:: Requirement ::
Here the job is to retype the data word for word while leaving the pictures aside.

:: Supplied information ::
--- START ---

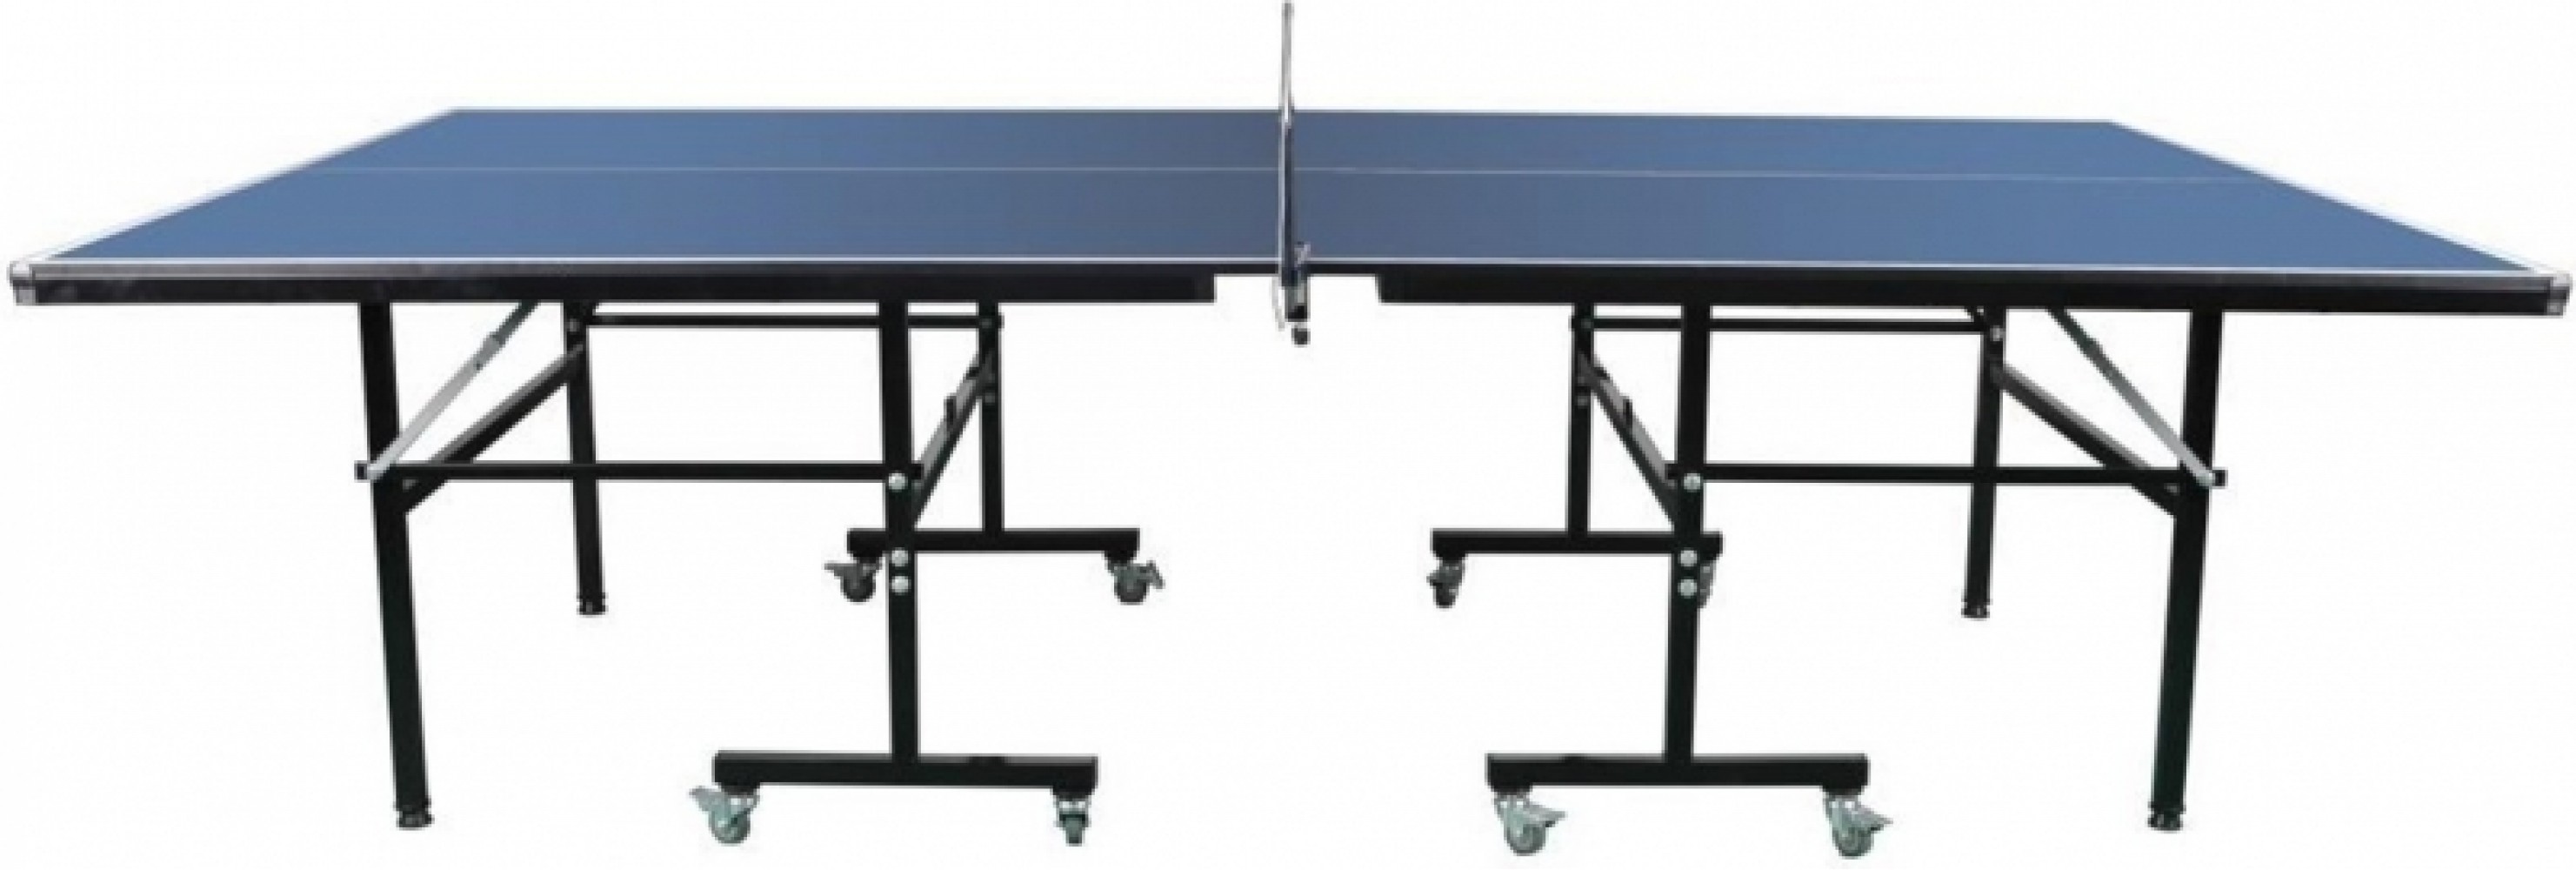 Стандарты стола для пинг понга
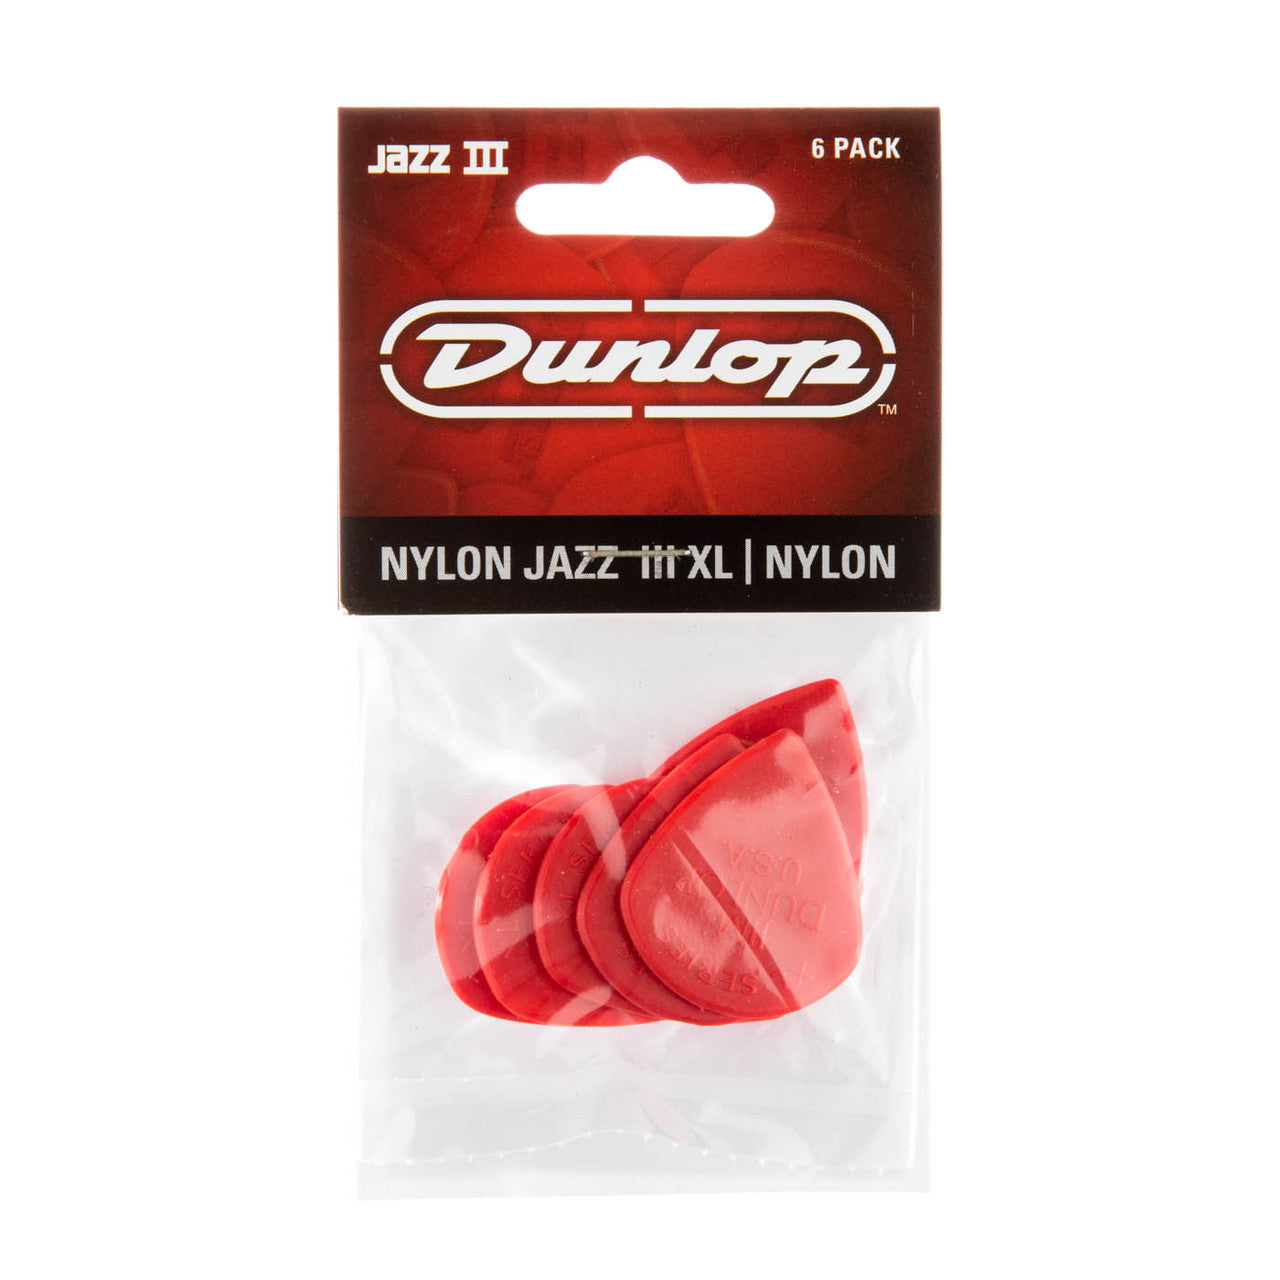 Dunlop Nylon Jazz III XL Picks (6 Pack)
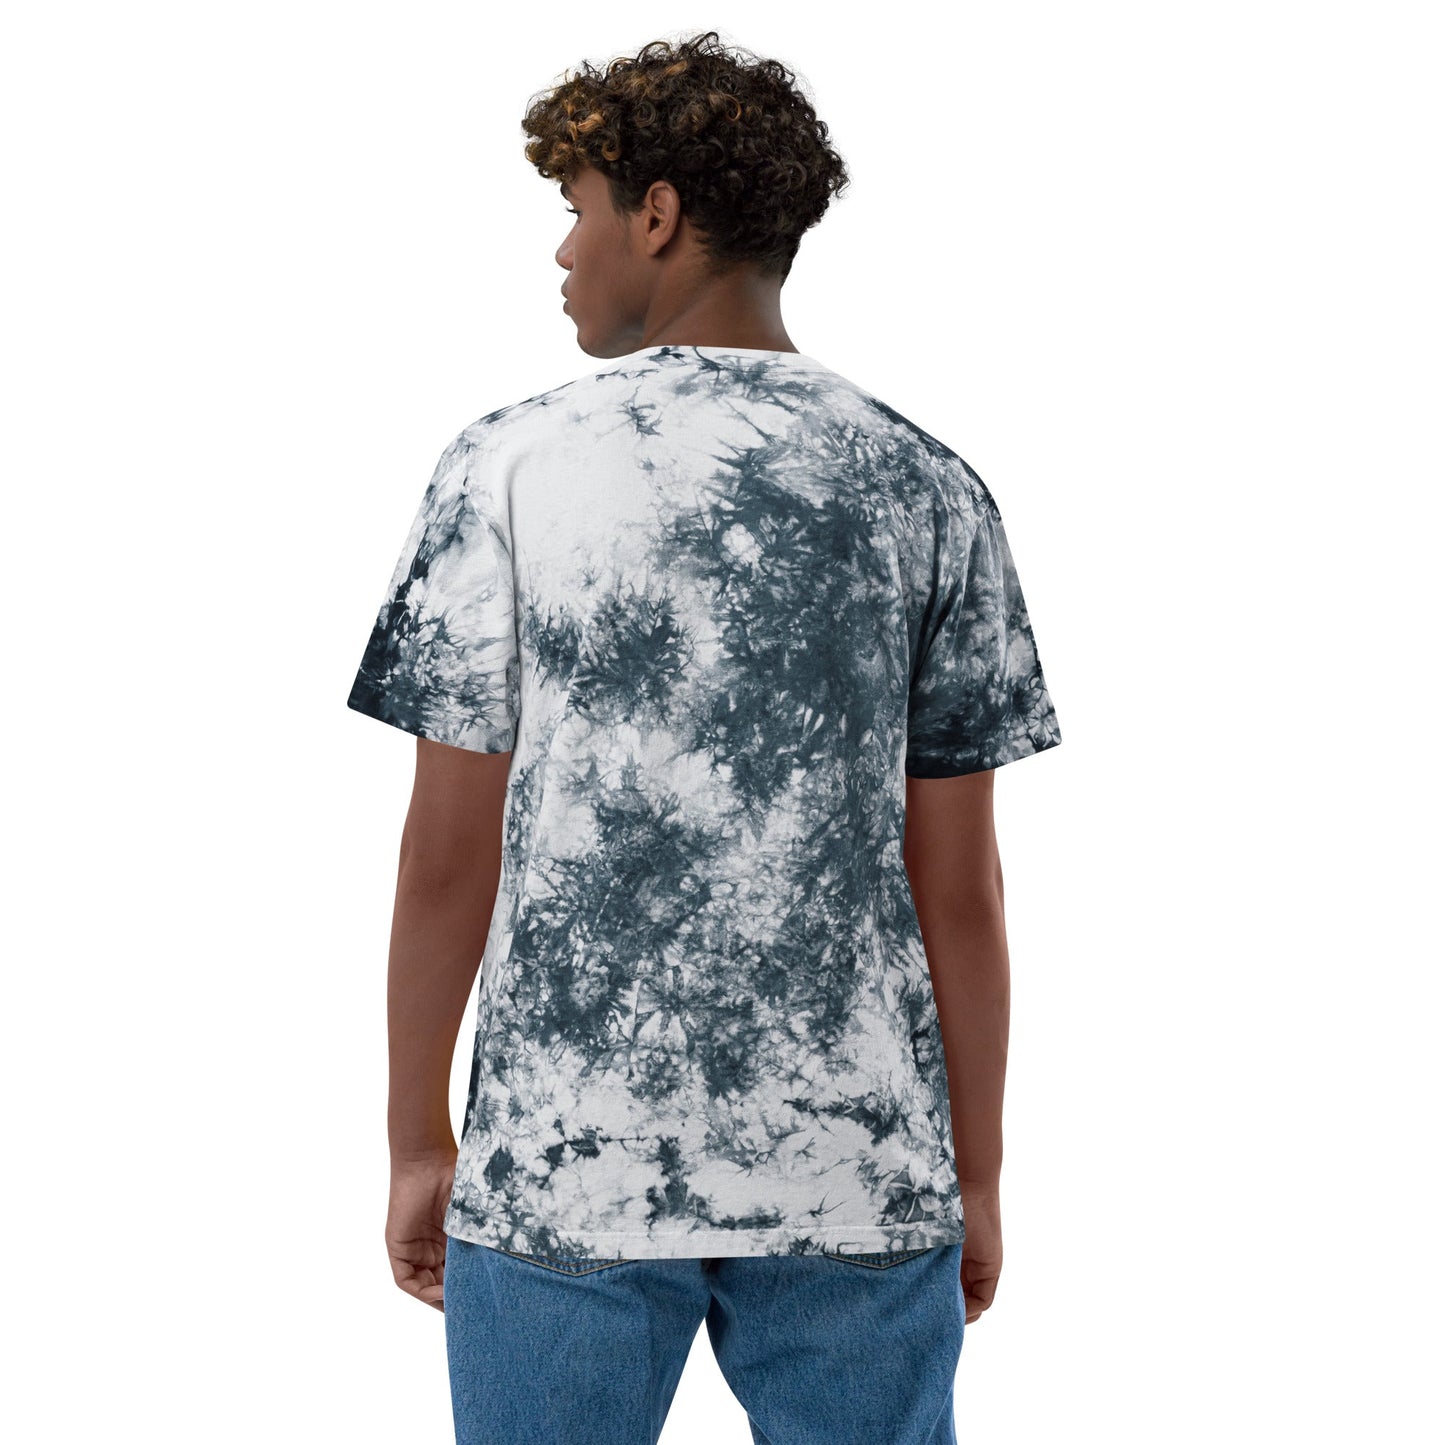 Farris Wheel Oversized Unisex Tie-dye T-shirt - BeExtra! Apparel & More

--- END ---

:: Answer for the task ::
 Стандарты стола для пинг понга
 Dunlop Nylon Jazz III XL Picks (6 Pack)
 Farris Wheel Oversized Unisex Tie-dye T-shirt - BeExtra! Apparel & More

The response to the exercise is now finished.